“完了完了,之前在军营搞成习惯了……刚才应该小点声,低调低调再低调的,枪打出头鸟啊……”
微微一顿之后,黄学正继续唱名:
“陈志。”
“陈,志。”
连续叫了两声不得回应,冯宽朝右看去,见陈志依旧呆呆坐着一动不动,忍不住轻咳一声,朝他使了使眼色。可他仿佛听不到也看不见一样,丝毫不为所动……
“陈……志!!”
第三遍念完,陈志缓缓起身,有气无力地回了声「在」。
见他一脸淡漠,黄学正心下不悦,直接走过来,站在过道旁边盯着他看一会:
“何故等到第三遍才起身?”
陈志懒得看他,直接坐下去,随口回了一句:“按照您方才的说法,我好像并没有违触规矩。

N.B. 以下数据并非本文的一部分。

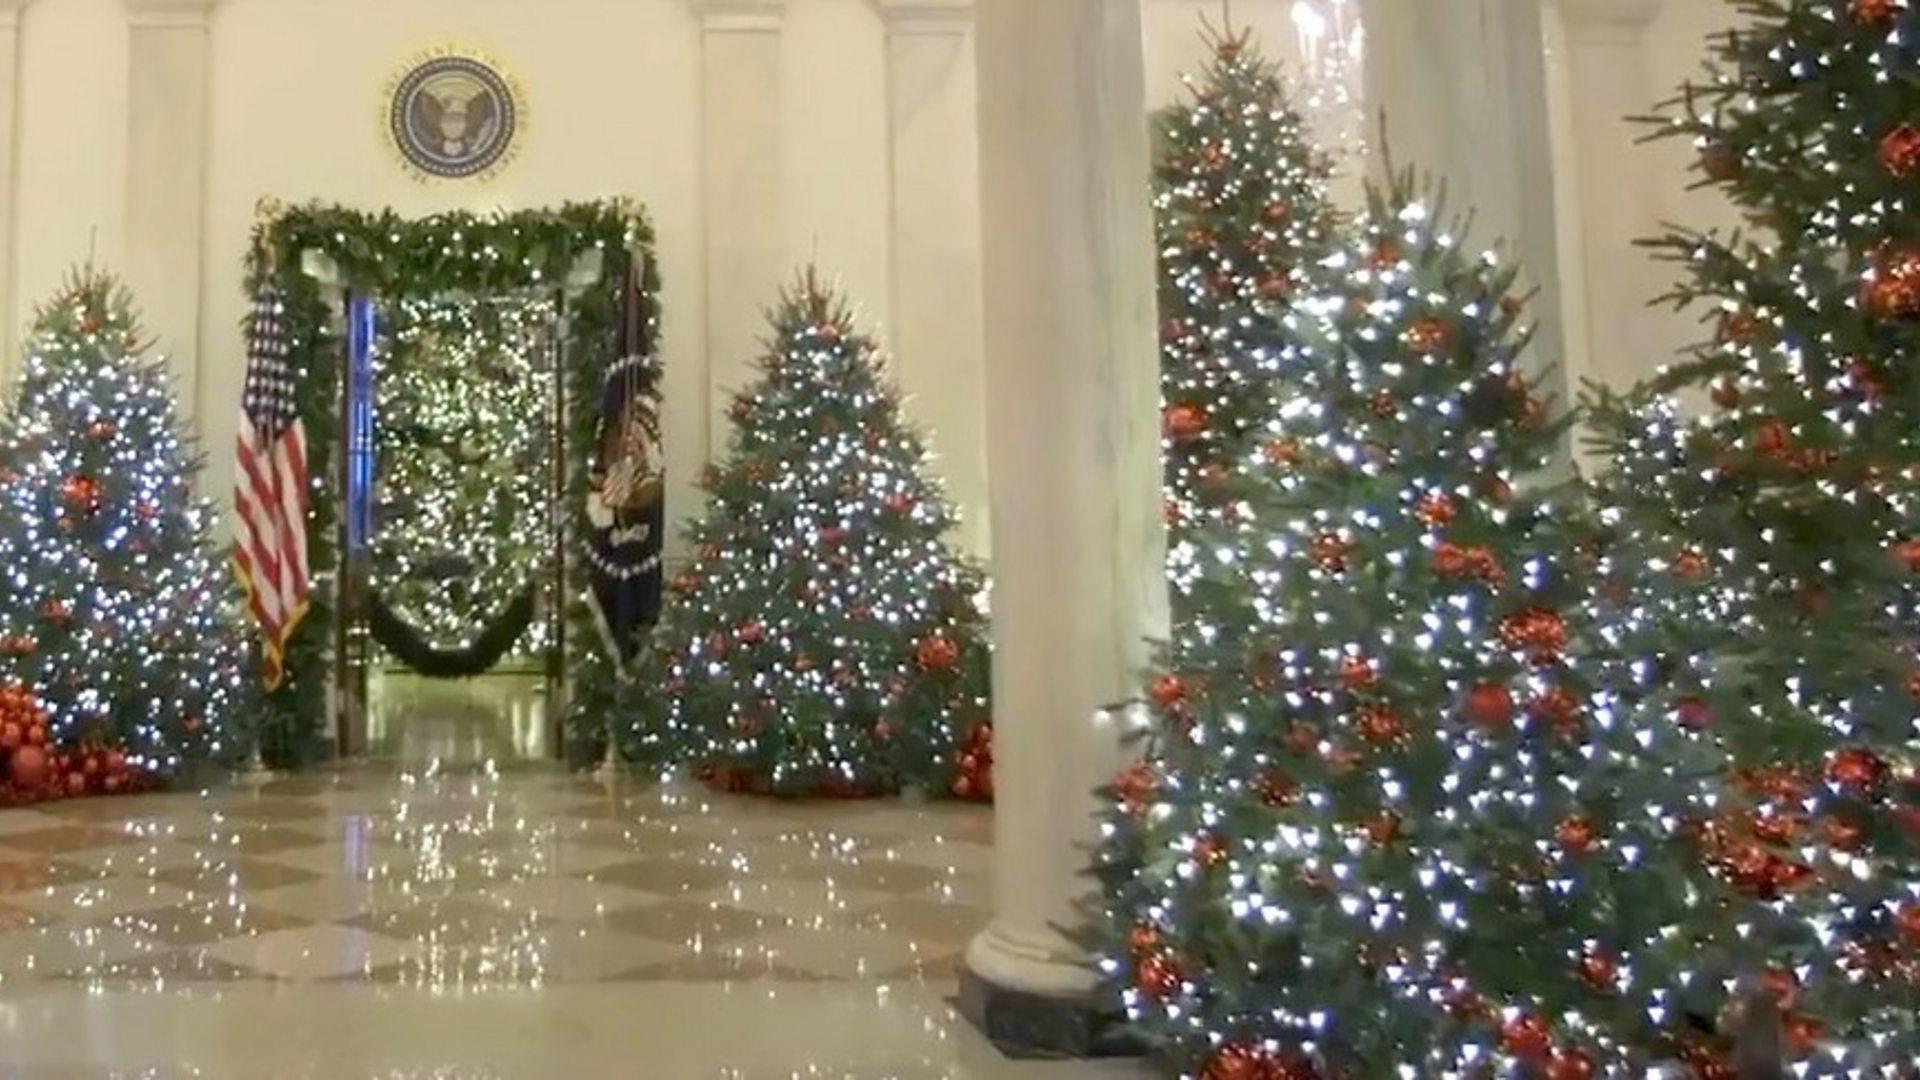 2021 Whitehouse Christmas Melania Trump Unveils White House Christmas Decorations Bbc News

”
“很好!”
黄学正朝他连连点头,回到案台前,不紧不慢地发话:
“现在开始吧,可千万放仔细些,涂改或者写错一个字,统统重新来过。”
冯宽刚刚朝陈志悄悄竖起大拇指,一听这话,整个人顿时又泄了气:
“他娘的,读书人还是狠啊,明的不来玩阴的,以后得罪谁也不能得罪读书人!”
冯宽字写得比较大,一张尺二寸的纸上只能歪歪扭扭地摆下七八个字,还好常生给他准备的纸张够多,倒不至于写不下……
对着小册子辛辛苦苦抄完一小半,看着眼前堆得高高的一叠纸,冯宽竟有些莫名的成就感。
放下笔暂停一会,冯宽刚要舒缓一下筋骨的时候,座位右边的陈志,起身过去,第一个交了作业……

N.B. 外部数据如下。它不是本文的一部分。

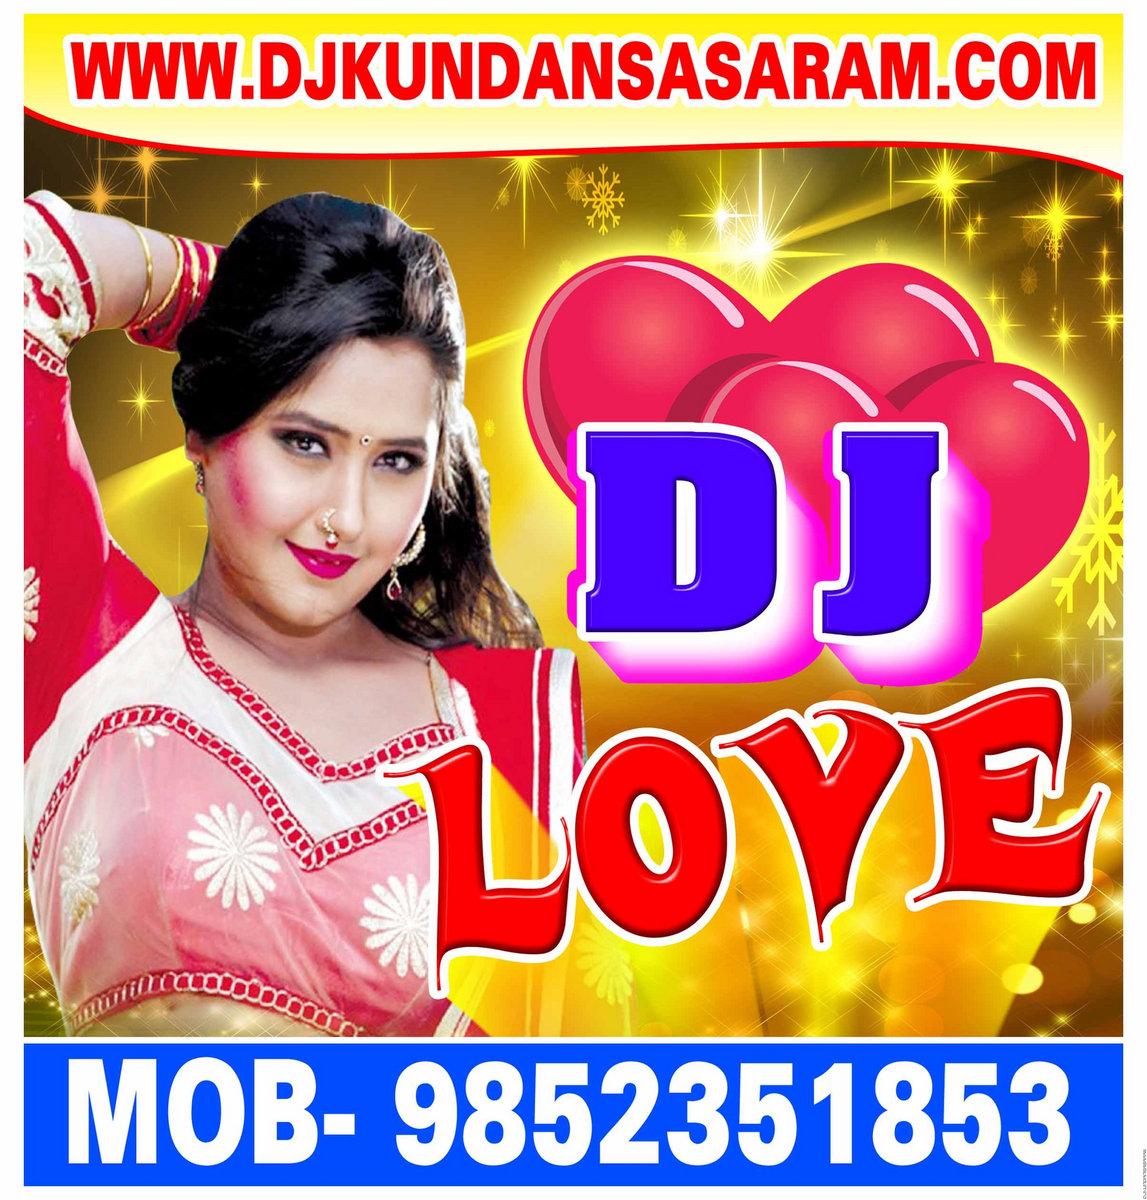 Latest movie download free mp4 | Bollywood Movies download, Hindi hd

回来之后又继续坐着,歪着脑袋,摆着一副生无可恋的死样子。
“牛逼啊兄弟!”冯宽差点喊出声。
捂嘴一阵后怕的同时,冯宽心想,万一陈志的抄录作业被黄学正挑出什么毛病来。新仇旧恨加在一起,当着所有人的面痛斥一番,那他岂不是……装逼不成反被……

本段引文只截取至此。